You remind me of girls back in the treatment centers when I was growing up… an expanse of years stuttering between 1983 and 1989.

You remind me of Jodi H., who always ruined my photographs, gave me weed for the first time, let me finger bang her at a slumber party, then told everyone that I was queer and punched me out for looking at her in the sixth grade.

You remind me of Gina N., who loogied above me, threw eggs at my house and was the first girl to ever have me screaming “CUUUUUUNT” in the middle of the night, in the middle of Glebe Road in Arlington, Virginia, while she and her friends abandoned me from an oil-sputtering Honda. I was all of twelve.

You remind me, somewhat, of that one girl whose name I can’t remember who stole a carton and a case of beer out of a parked car in Tyson’s Corner’s parking lot, and went into the woods to pollute our lungs and get shitfaced until we fucked but never spoke of it again.

You remind me of Gypsy, my first real girlfriend, the reason why I came to Minnesota in the first place. She bitched me out for not being punk rock enough even though I argued with her and told her that being black was enough to get the unwanted attentions of my fellow man. She ended up finding out that she was part Oglala Sioux, got married, had a kid, and is now pursuing her doctorate somewhere in Massachusetts, with FUCK YOU still tattooed on the side of her head.

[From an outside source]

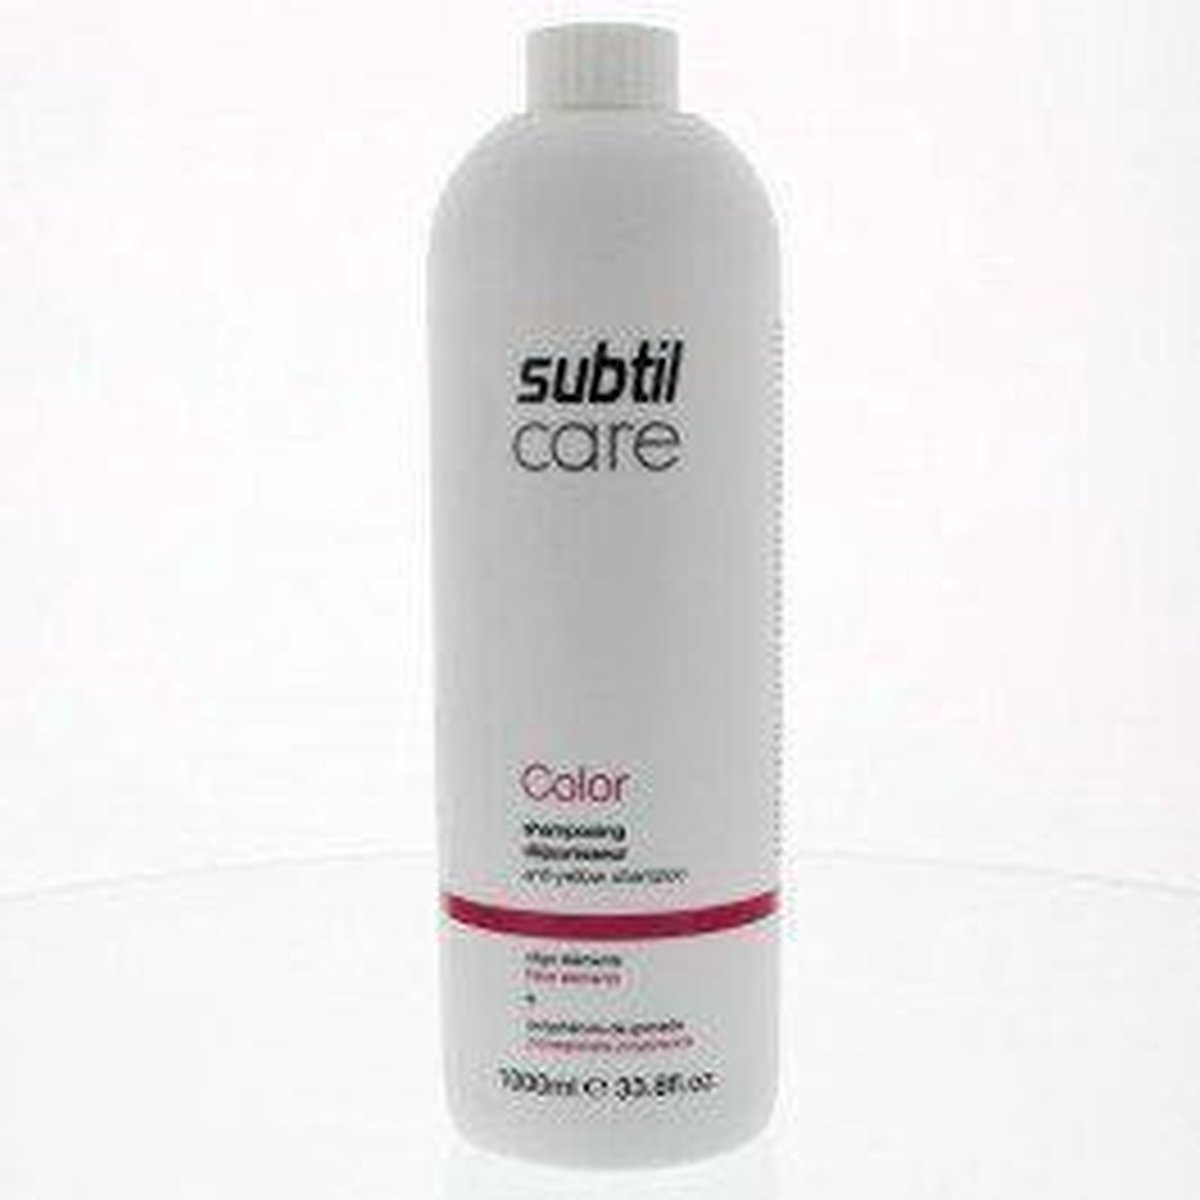 Subtil Care Color Dejaunisseur - 1000 ml - Shampoo
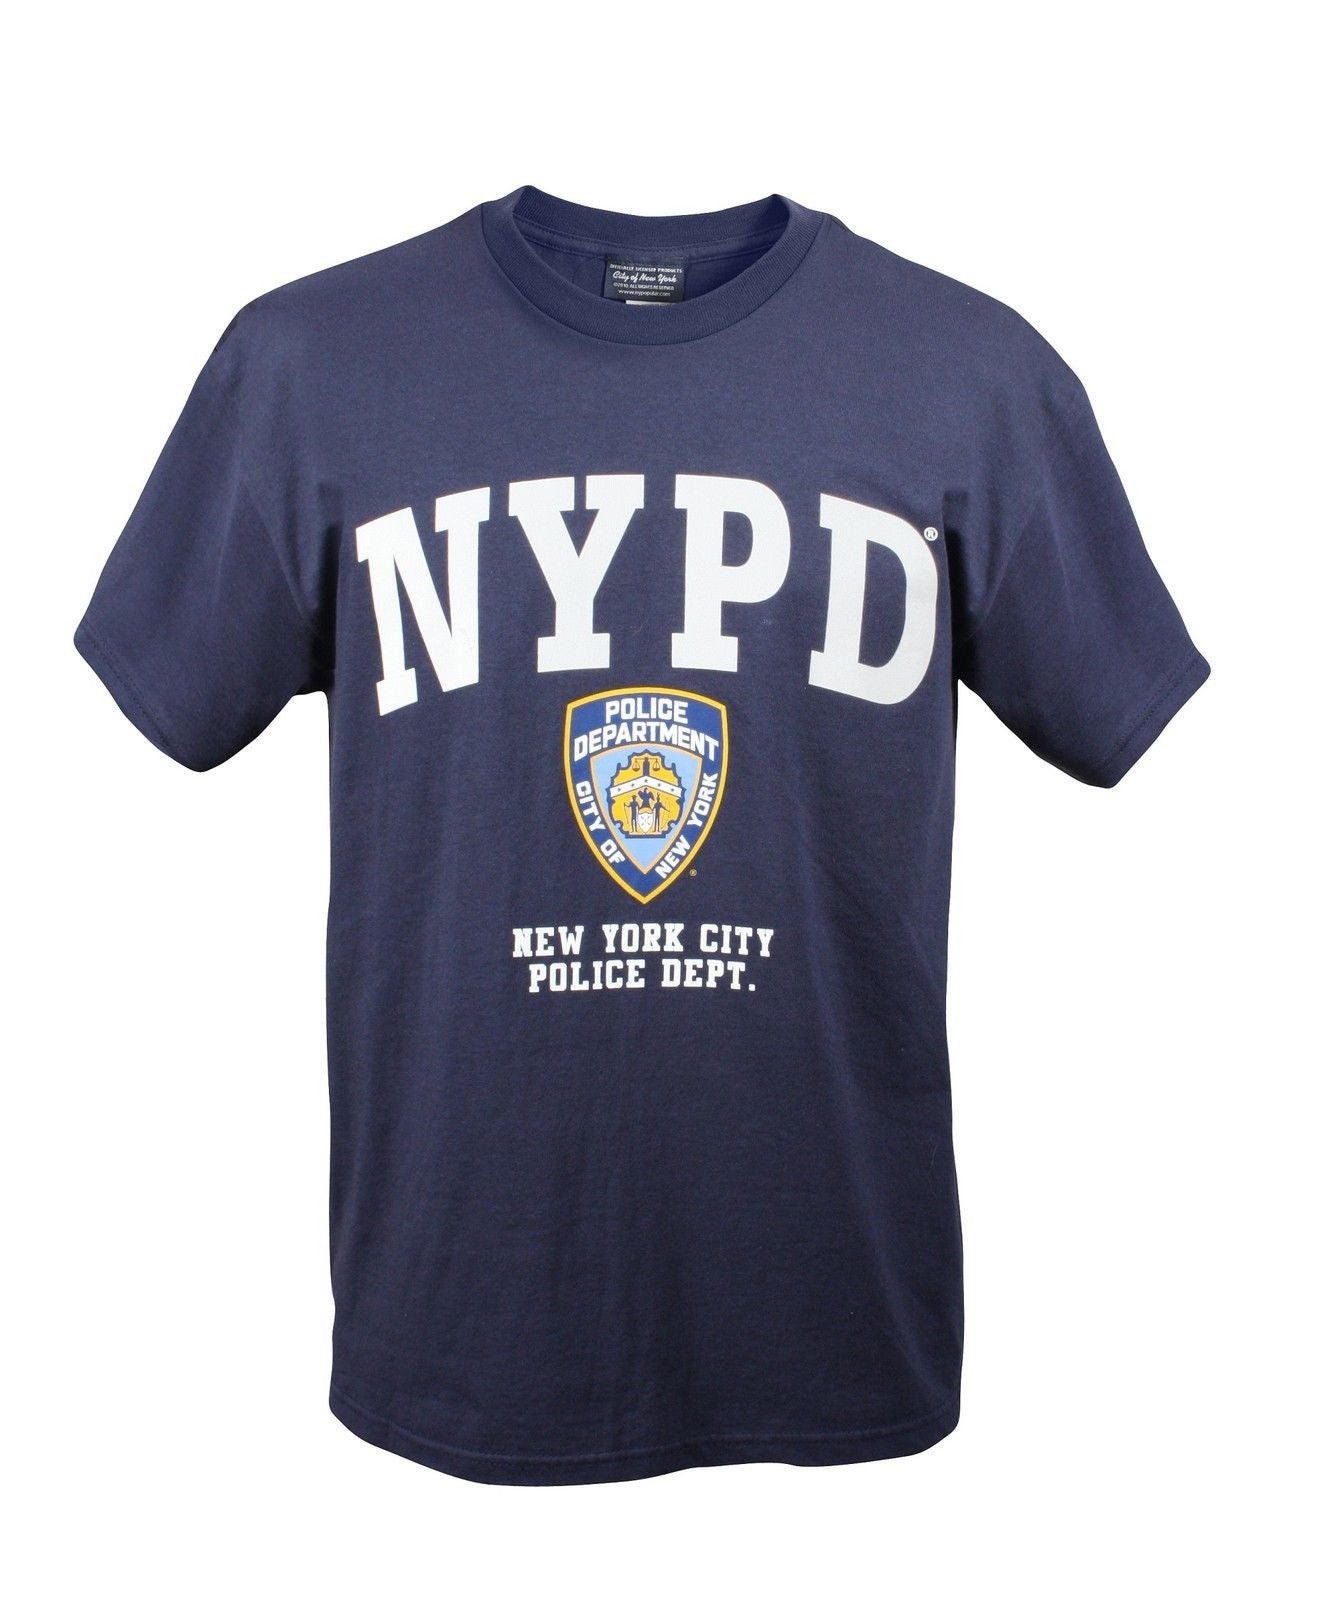 Navy NYPD Print

Courtney, you make me nervous. I’m supposed to hate you. I’m supposed to disagree with how you’re raising Frances Bean. I’m supposed to accuse you of killing Kurt, and hell, you might have, you wench, but not as obviously as O.J. killed Nicole.

You get shit the same way that Yoko Ono does. You get the Marianne Faithful trip. You get liposuction and you get arrested and you get nosejobs. You get bit parts in movies. You’re convinced you’re a goddamned rockstar. You’re convinced, because you have very purposefully become what you have become.

You are a Gorgon. You tried out to play Nancy Spungeon in Sid and Nancy, but Chloe Webb got it and you threw a fit because you are Nancy in more ways than one. You piss off Trent Reznor. You remind all my male friends of one of their psycho-exes, or at least someone who they’d fuck into a hole in the ground, but would never admit to doing so. Like that one chick. You know, her.

You remind me of how Sam must see me, now. No wonder I don’t talk to the poor boy anymore.

Agh. You make me nauseous. I shouldn’t know you this deeply. If we were to ever meet, Dear Courtney, I’d probably end up exactly where I used to be.

You remind me of what I was.

Love,
Glossolalia Black

p.s. Honey, please put some clothes on. And refrain from getting your asshole waxed in front of the media. Kthxbye.